Friday Highlight  

Return of the stock picker

Return of the stock picker

One of the questions we frequently get asked is what we think of the level of the market.

This is especially true at the moment with substantial increases in equity prices the world over since March 23.

The first thing to say is that we pay little attention to such matters.

Predicting the short term movements of any asset governed by human psychology is a fool’s errand.

Markets can remain irrational longer than you can remain solvent, to paraphrase John Maynard Keynes.

If pushed, however, we would offer a number of possible explanations of what is driving market behaviour in the short term.

Central banks

1) “Don’t fight the Fed”. This is one of the oldest market adages.

What it effectively means is that only the foolhardy would take an opposing position to the Fed (or any other central bank of substance for that matter).

Although opinions differ on the effectiveness on the world’s healthcare response, one thing to be lauded is the speed with which governments and bankers have acted to protect individuals and businesses from the harshest immediate impacts of economic sclerosis.

Interest rates have been slashed. Unprecedented job retention schemes have been swiftly implemented.

To use the analogy of a game of poker, the Fed has gone all in. In the UK, chancellor Rishi Sunak said the government will do “whatever it takes” whilst launching a £350bn package of loans and grants to businesses. Fighting talk indeed.

Market moves

2) Stock markets don’t move in sync with economic data. Markets are generally forward looking in nature hence the FTSE reading today is looking at least six to twelve months into the future.

If there is one thing that is certain it’s that there will be some degree of economic recovery following months of draconian lockdown measures.

Whether the snap back is as robust as some are predicting, the so-called V shape recession, remains to be seen.

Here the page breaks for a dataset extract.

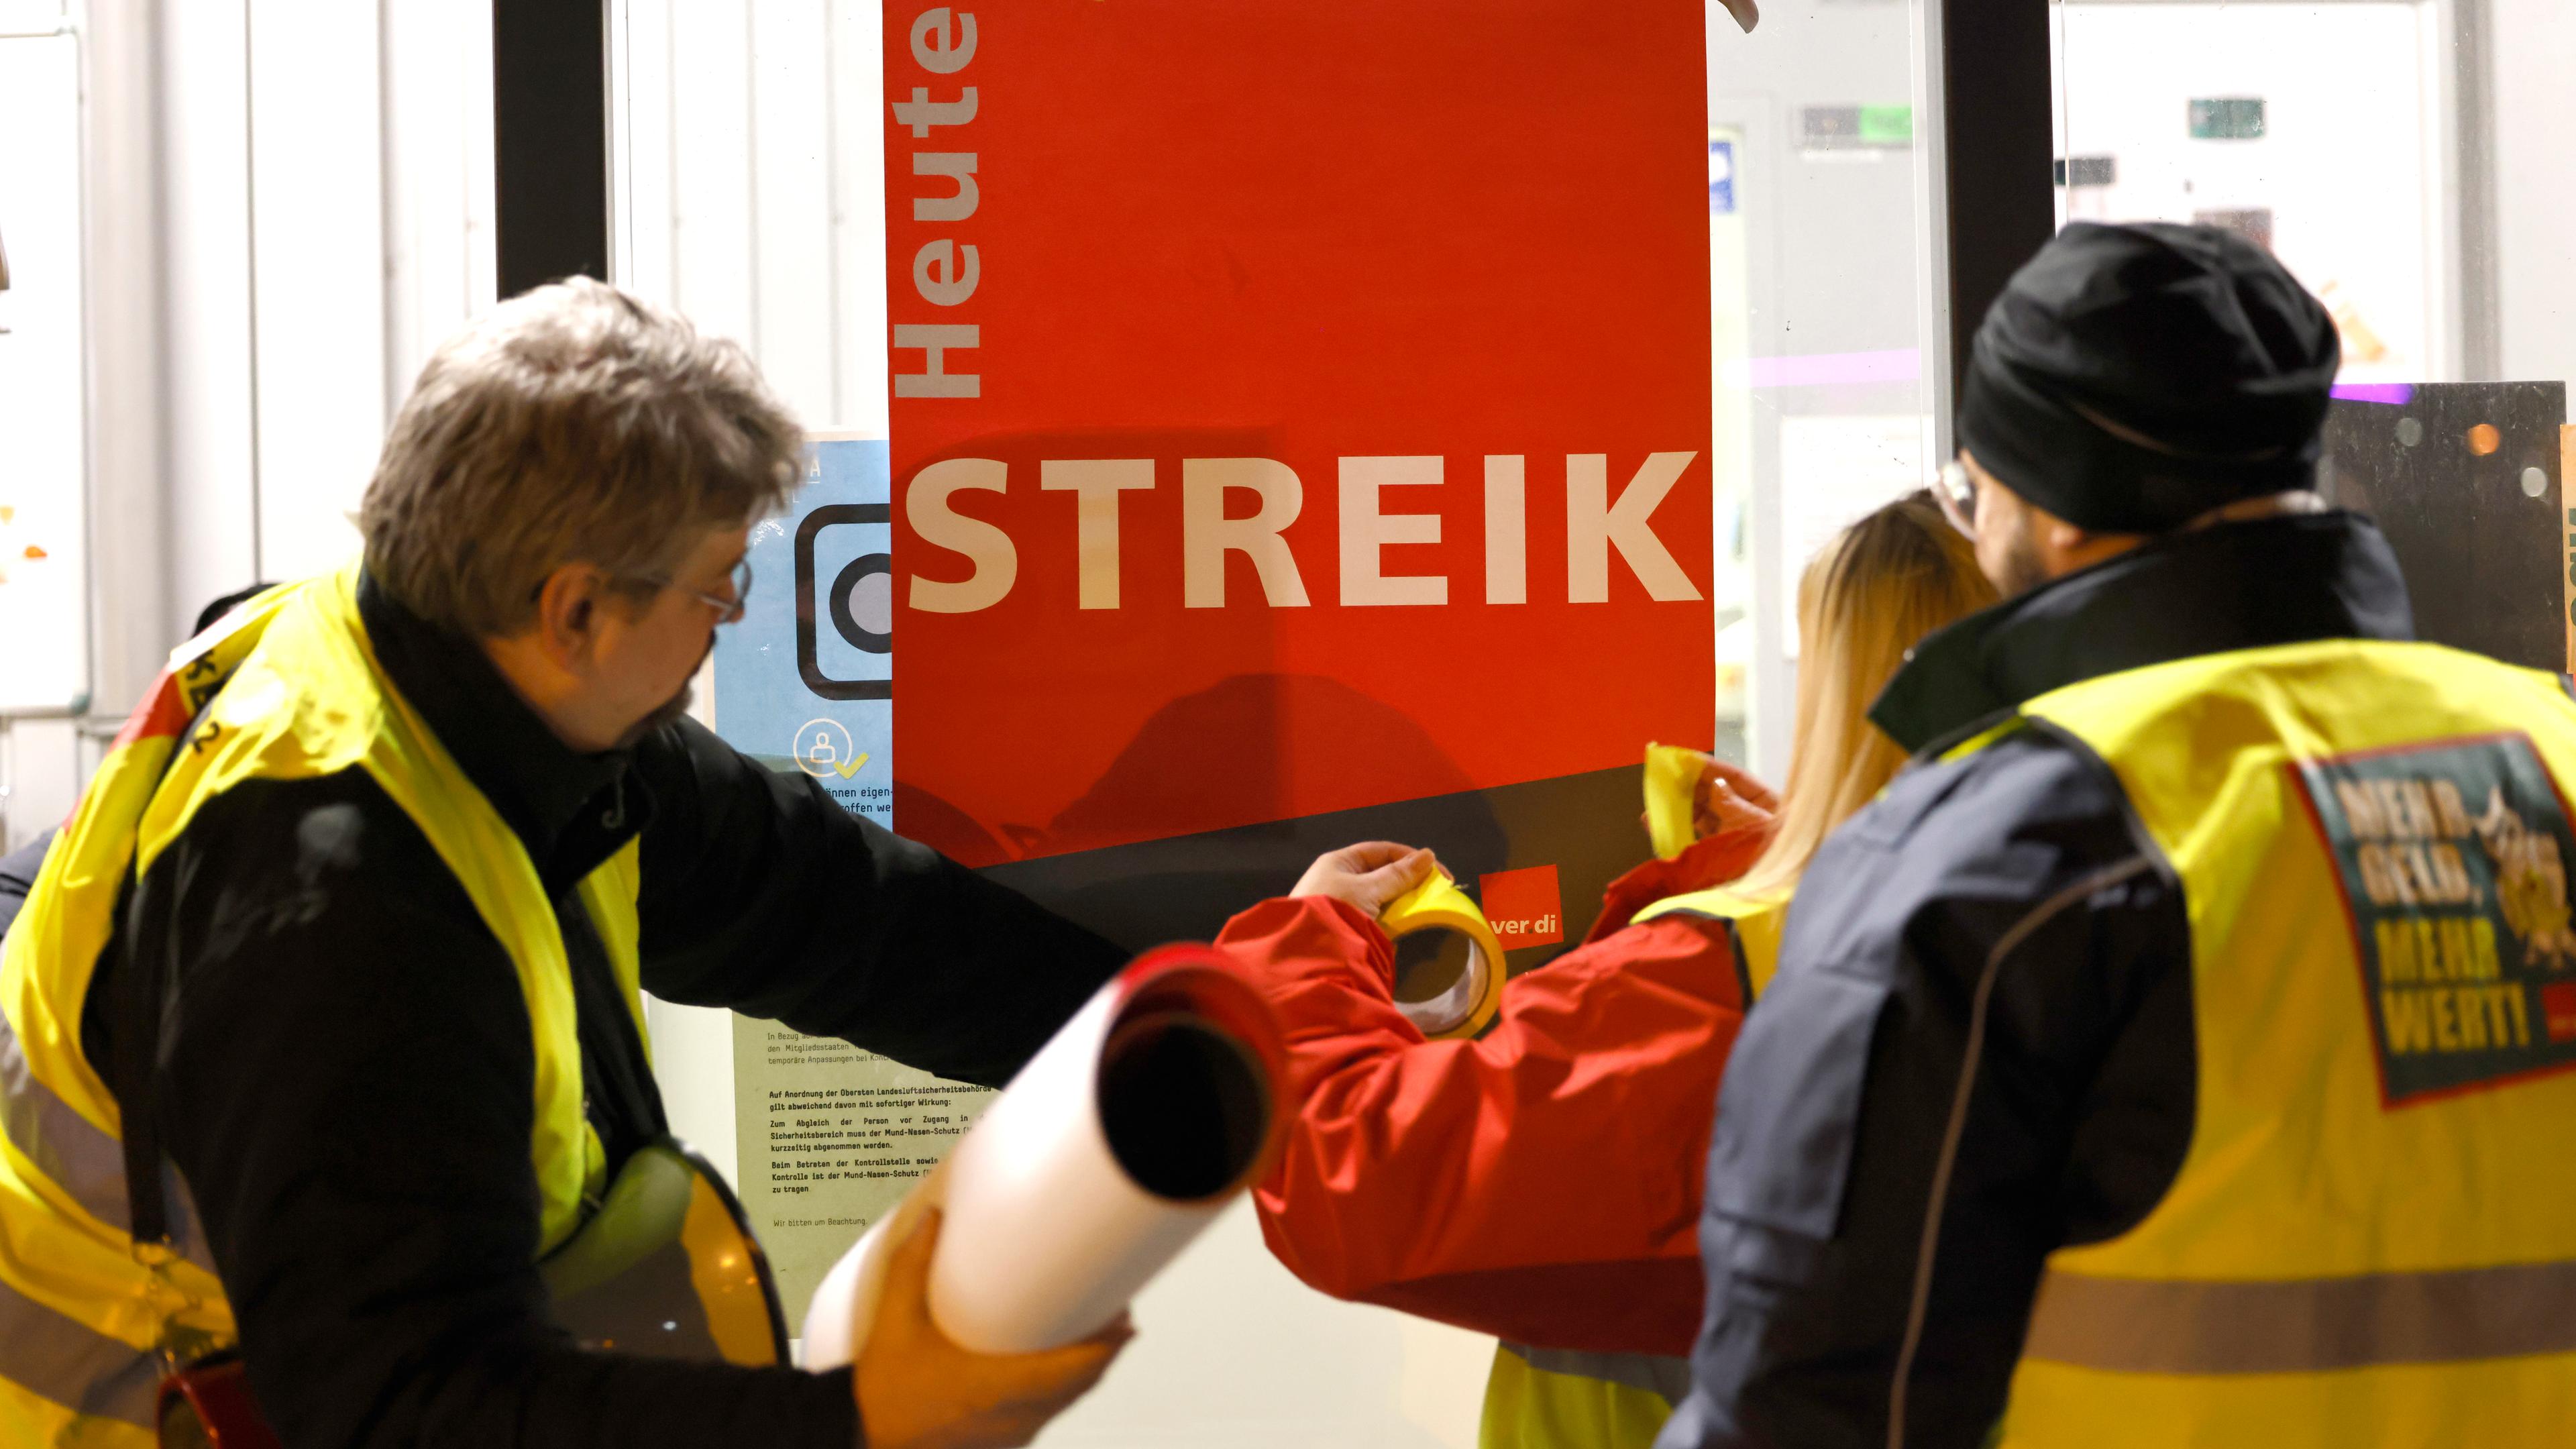 Streikende kleben ein Plakat mit der Aufschrift «Heute Streik» an eine Scheibe. Airport-Mitarbeiter der Luftsicherheit des Flughafens Köln Bonn streiken seit heute Abend für bessere Löhne

A Nike “swoosh” may be a much more plausible scenario in our view.


3) Interest rates have been slashed and excess liquidity is looking for a home.

Not that long ago the pathway for future interest rates seemed to be up rather than down.

Coupled with central banks pumping liquidity into the system, near-zero rates mean a wall of ultra-cheap money looking for a home.

The argument is that at least part of this excess cash is finding its way into equities.

In the US in particular, the day trader is back with a vengeance and there is undoubtedly an element of speculation going on in certain stocks.

Why else would the stock price of Hertz, a car rental business that declared bankruptcy in the US in May, have risen by over five-fold during the first few days of June?